Read Part 1 of this photo essay.

Read Part 2 of this photo essay.

 

17. Marstein Lighthouse occupies a strategic position for ships approaching Bergen and coastal traffic on the West Coast. During WW2, the Nazis took control of Marstein Lighthouse. Even today one can still see the gun emplacements and bunkers on the island. Now they provide shelter to wild sheep and rabbits, and great viewing posts to everyone who comes to visit.

18. After the storm that ravaged in 1920, bombings in 1940, and improperly maintained, the old lighthouse was in such poor condition that it had to be demolished. In 1949, a new lighthouse was built, and that’s what stands today. The only thing that testifies that the old lighthouse had a different location is the old lookout. Today the spot is frequently used by gulls.
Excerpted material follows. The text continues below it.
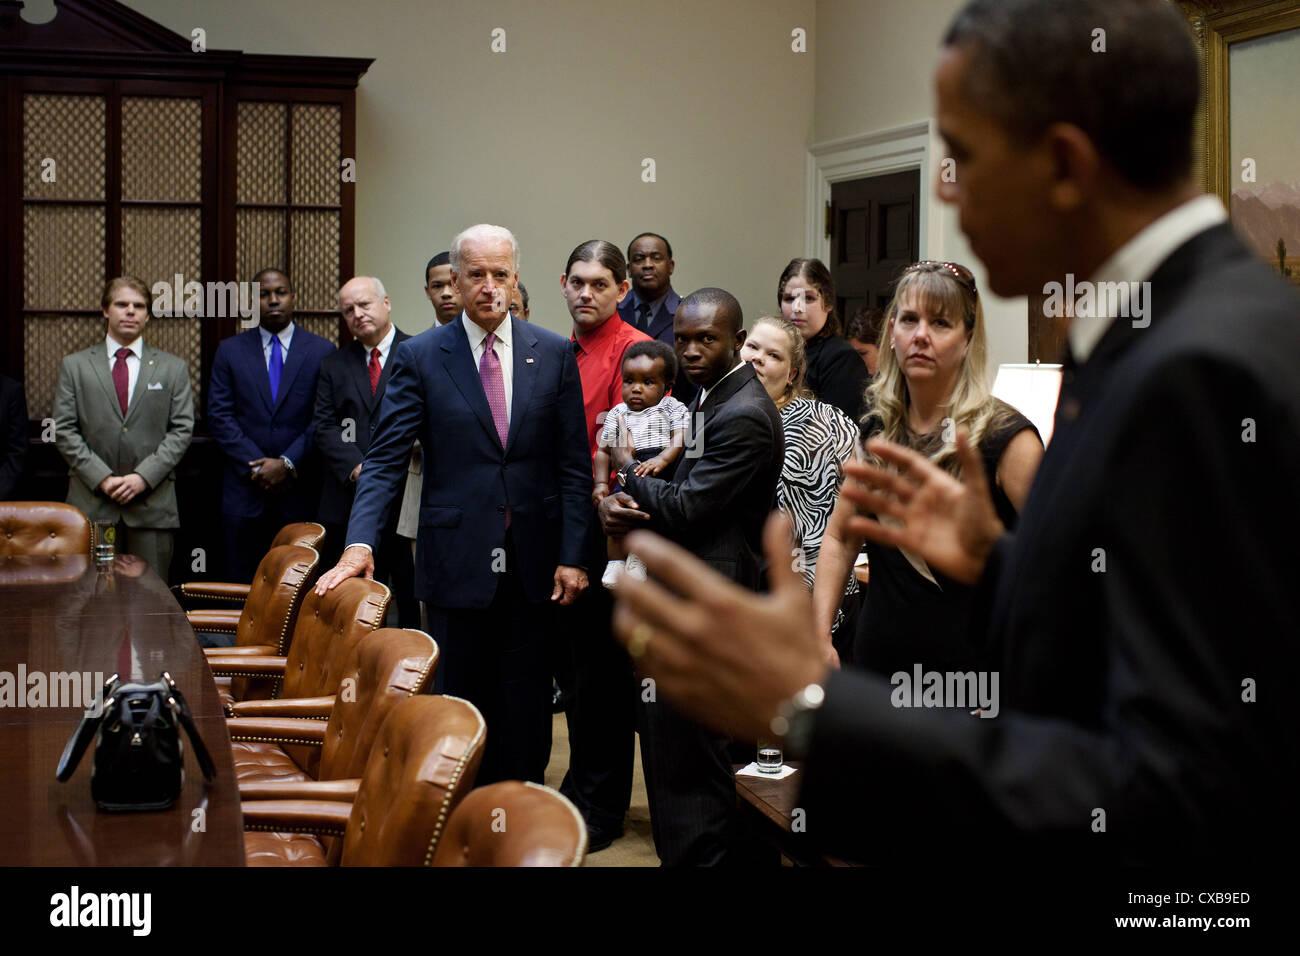 Il Presidente Usa Barack Obama e il Vice Presidente Joe Biden salutare un gruppo di insegnanti, veterani, primi responder e i proprietari di affari, 12 settembre 2011 nella sala Roosevelt della Casa Bianca prima di fare una dichiarazione sulla American Jobs Act. Foto Stock

19. When the sea sets in from the North West, this little bridge pays the price. The sea can wash over this bridge without problems. When experienced people say “do not go outoutside when it storms,” there is great reason to listen to them and follow their advice. And the fact that nothing green grows down in this little gully, suggests that the sea water beating occurs rather often.

20. Landing conditions by boat can be a challenge. The currents come in from two sides and here there is no natural harbor for boats. Many floating jetties have been lost, but today it is a hypermodern patented construction that provides a pier when visitors arrive.
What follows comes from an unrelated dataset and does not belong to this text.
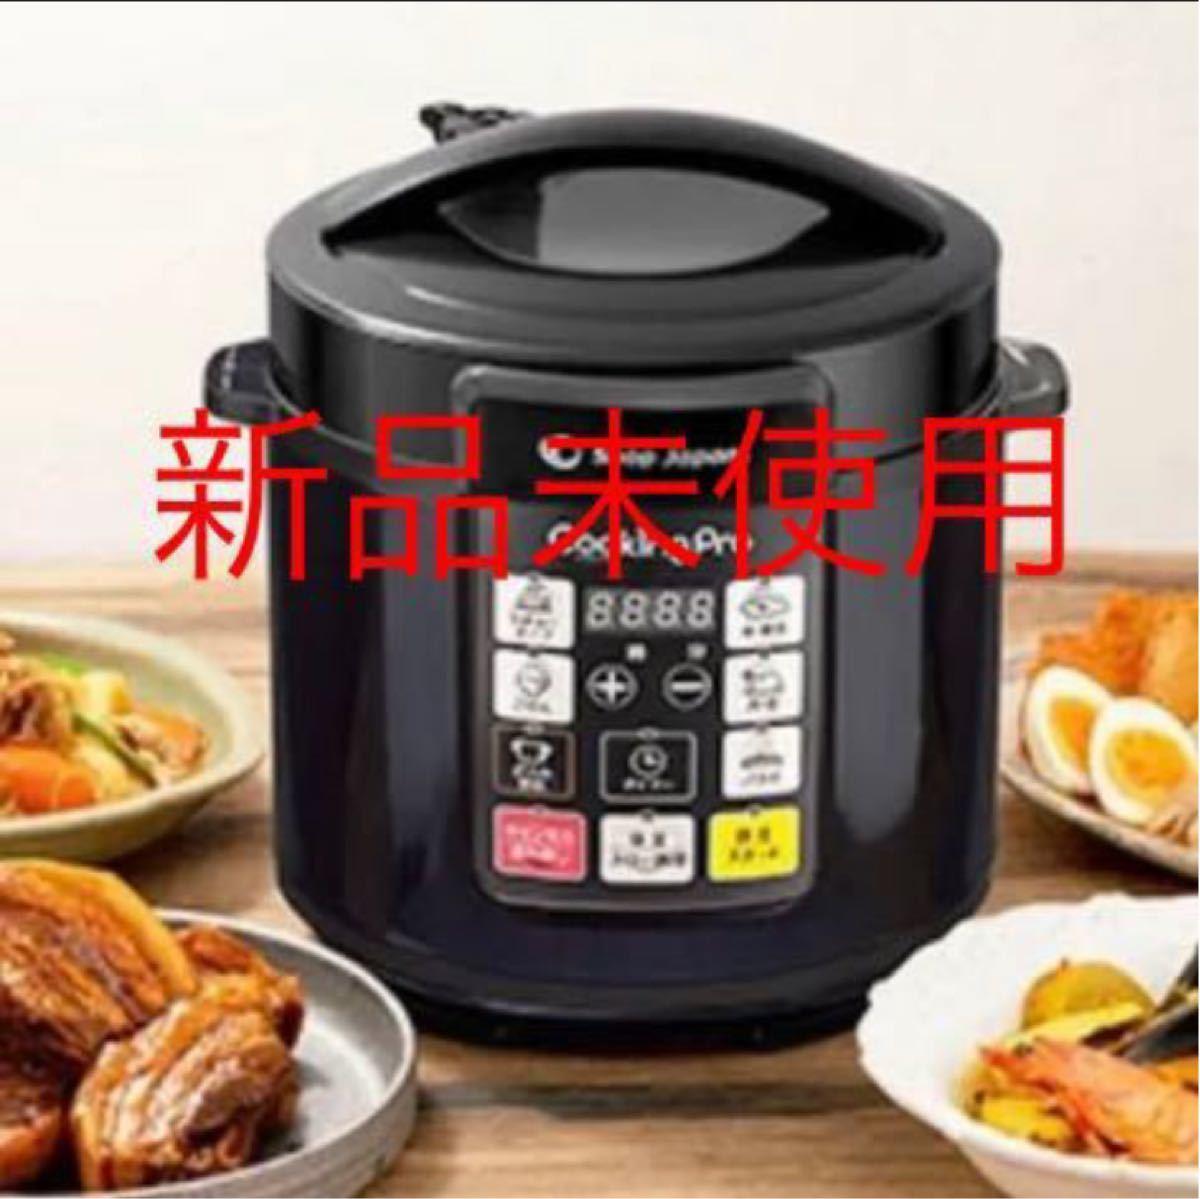 【新品未開封】ショップジャパン 電気圧力鍋 ブラック

21. When the RIB boat heads back to Panorama Hotel & Resort, the entire pier is hoisted into the air by a crane, and so is the pier ready for the next landing or departure. My thoughts go out to all lighthouse keepers who year after year had a boat and only a landing to hoist the boat up on, and who could not always come ashore or leave the island when they wanted to.

22. But today it is quiet. The old anchor gives good vibrations on the lives that are lived here and on the future that awaits all new generations. With my back towards the ocean, eyes looking at the mountains, and toes nested in seaweed, I can relax my shoulders. This is truly a gem.

23. Having an establishment here by the sea requires some work. All booking goes through Panorama Hotel & Resort. But a better location is hard to find. A prawn sandwich in such an environment is never wrong.

24. Shoulders relaxed. The night arrives. It is not completely dark at this time of year, but that is okay. From the pillow I can see the sky, light and dark. Clouds. Gulls. The last drops are being enjoyed from the stairs before the light beams from the lighthouse wave good-night. The wind whispers promises of calm seas tomorrow. It’s hard to go to sleep, but the sea air has sent sleepy fog over the island. Soon I breathe easily and without worries on my pillow.

 

See all posts about Marstein Lighthouse here.

 

 

INFO

How to get there

You can drive on Highway 555 until the exit of Fylkesvei 153 to Panorama Hotel & Resort. The 22-mile drive takes about 40 minutes. Or, you can take bus 450 from Bergen Bus Station to Skogsskiftet, and from Skoggskiftet bus 455 on to Sund Ungdomsskule (Sund middleschool). From there it is a one-mile walk. From Panorama Hotel & Resort, the tour continues with RIB.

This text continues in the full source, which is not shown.